- **Task objective**
At the line with "Royalty free image", start transcribing; stop after the last line of the data below. Keep it exact and leave pictures out.

- **Dataset section**
== Segment start ==
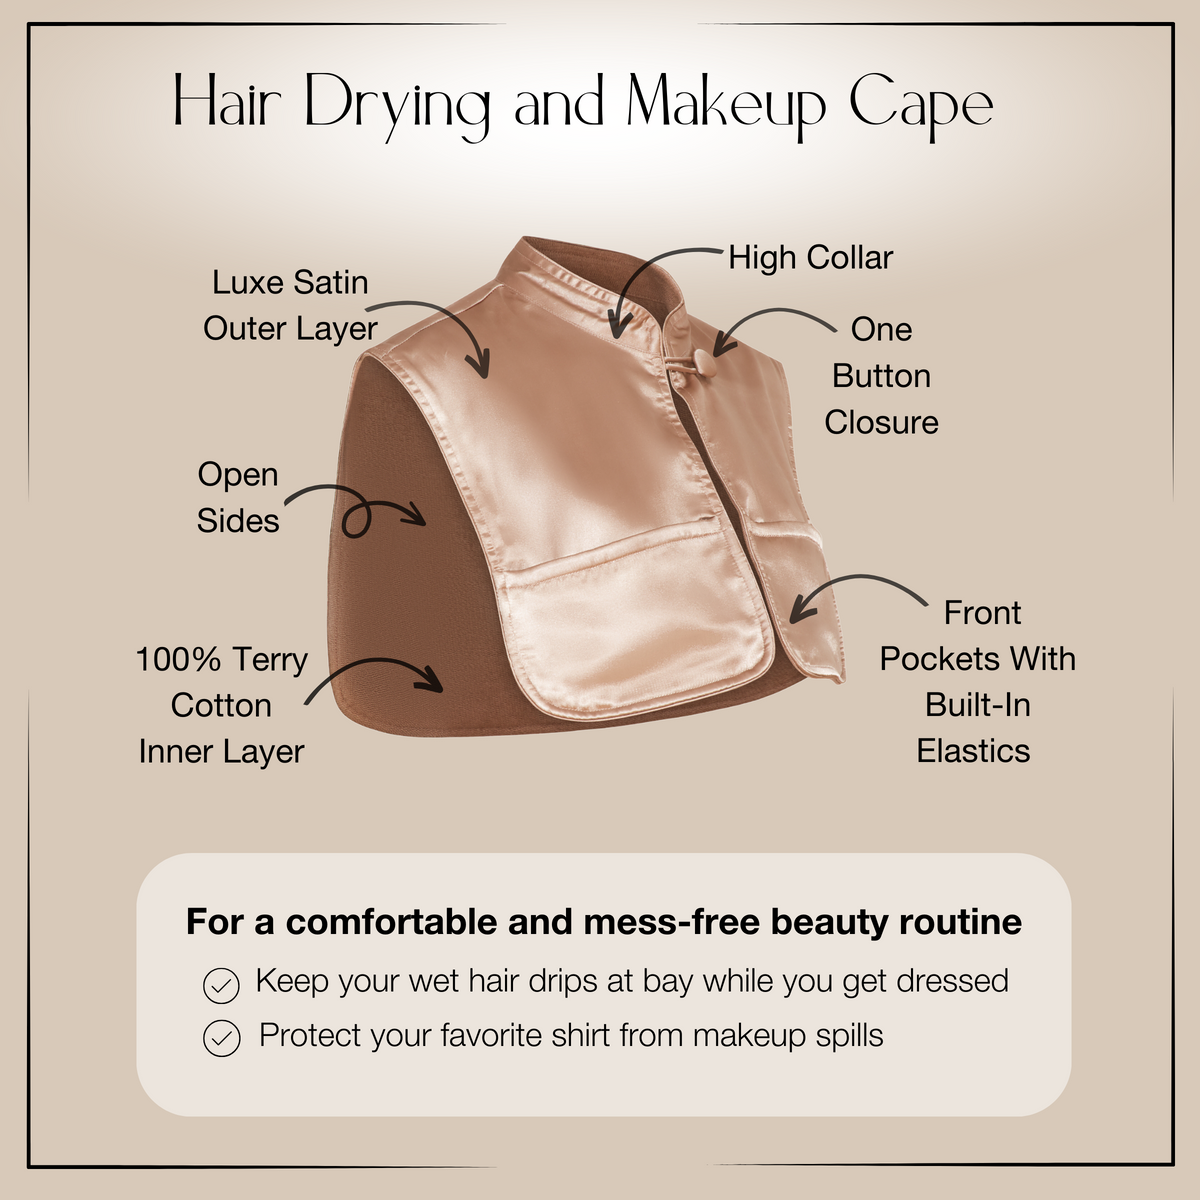 Monii Hair Drying and Makeup Cape, Champagne
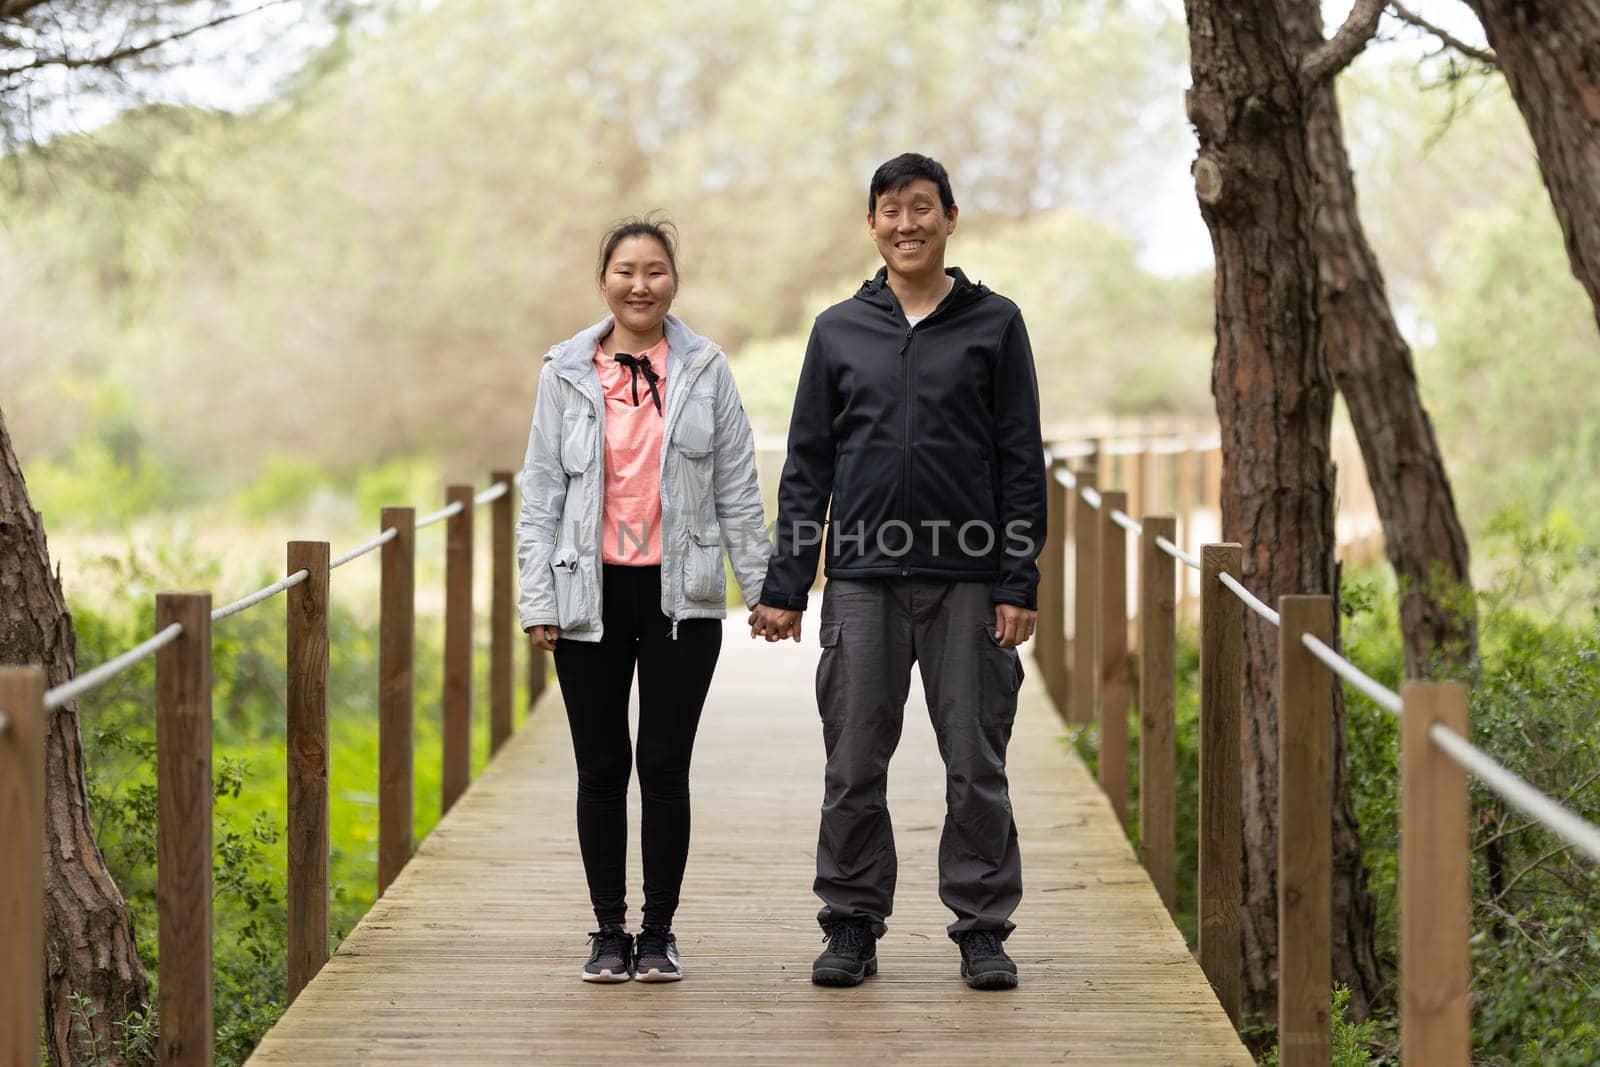 A man and woman are standing on a wooden bridge, holding hands. Scene is warm and affectionate, as the couple shares a moment together
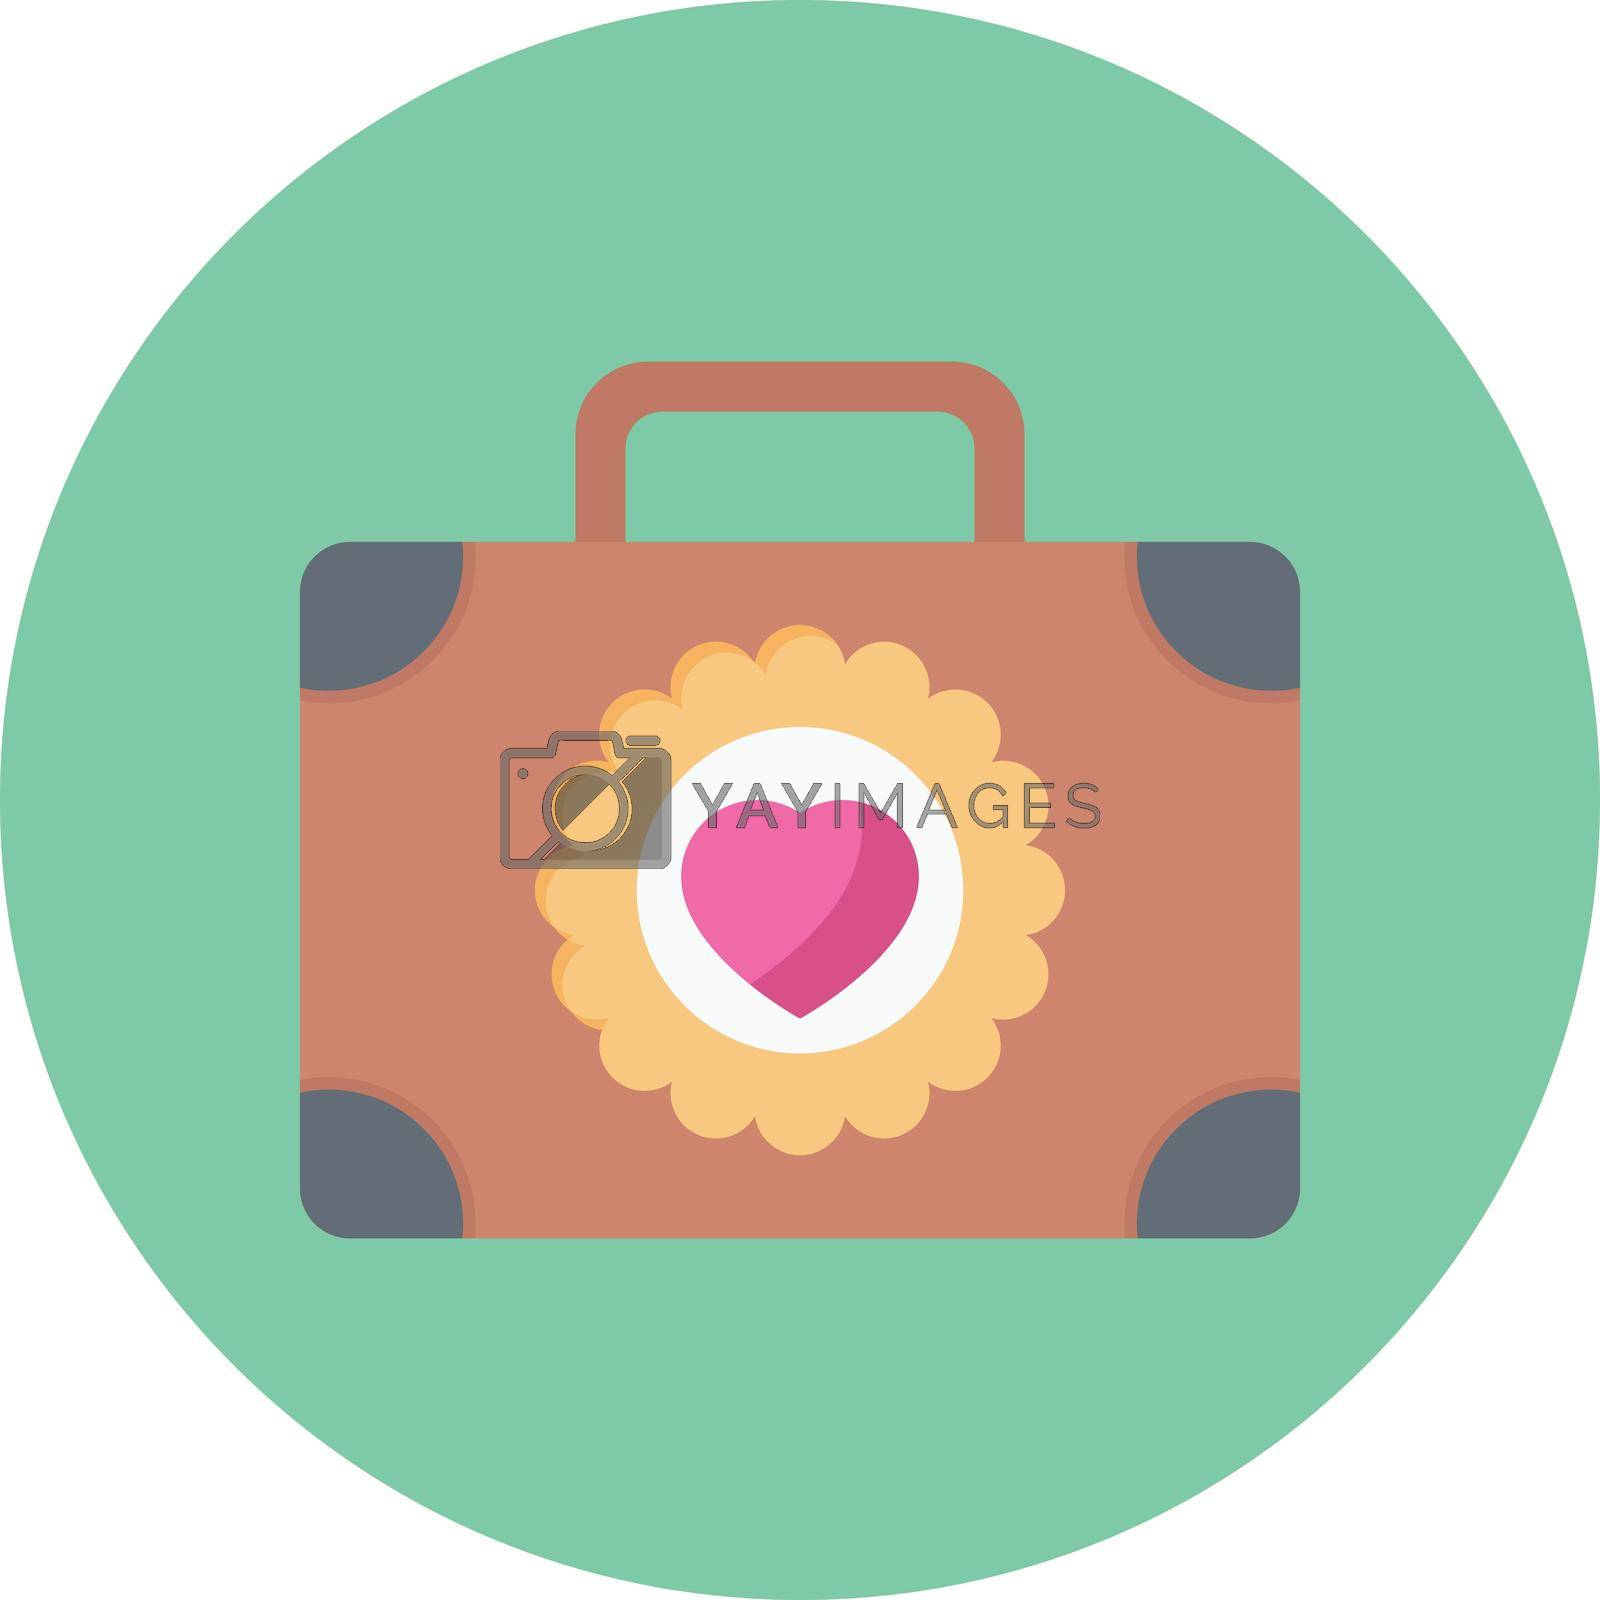 Royalty free image of briefcase by vectorstall
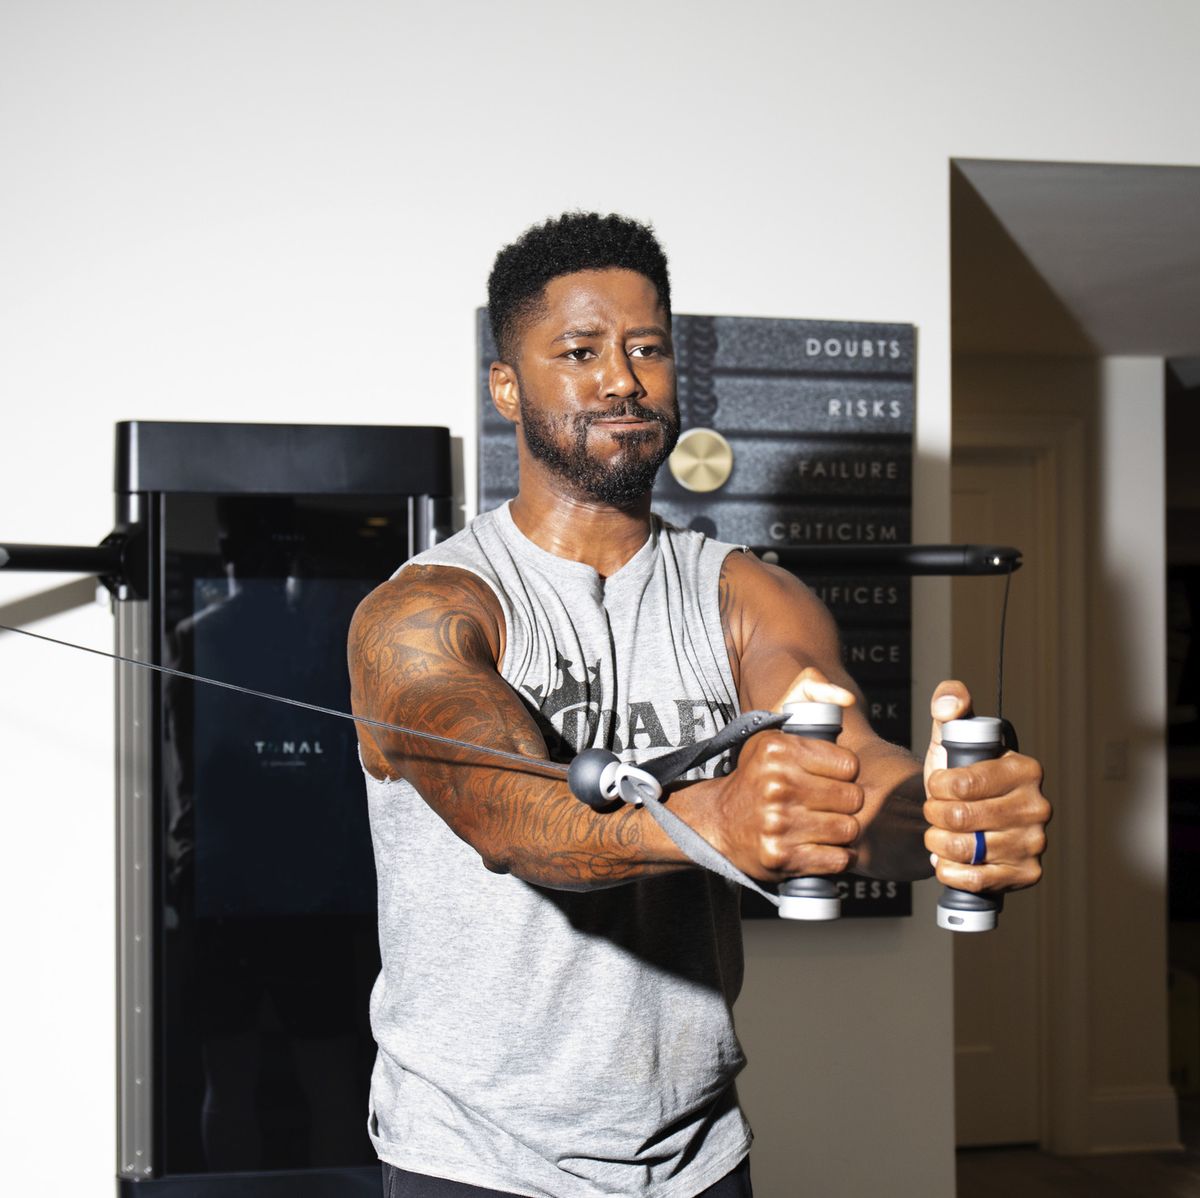 CBS' Nate Burleson Shares His Home Training Workout Routine
== Segment end ==
- **Solution**
 Royalty free image of briefcase by vectorstall
 CBS' Nate Burleson Shares His Home Training Workout Routine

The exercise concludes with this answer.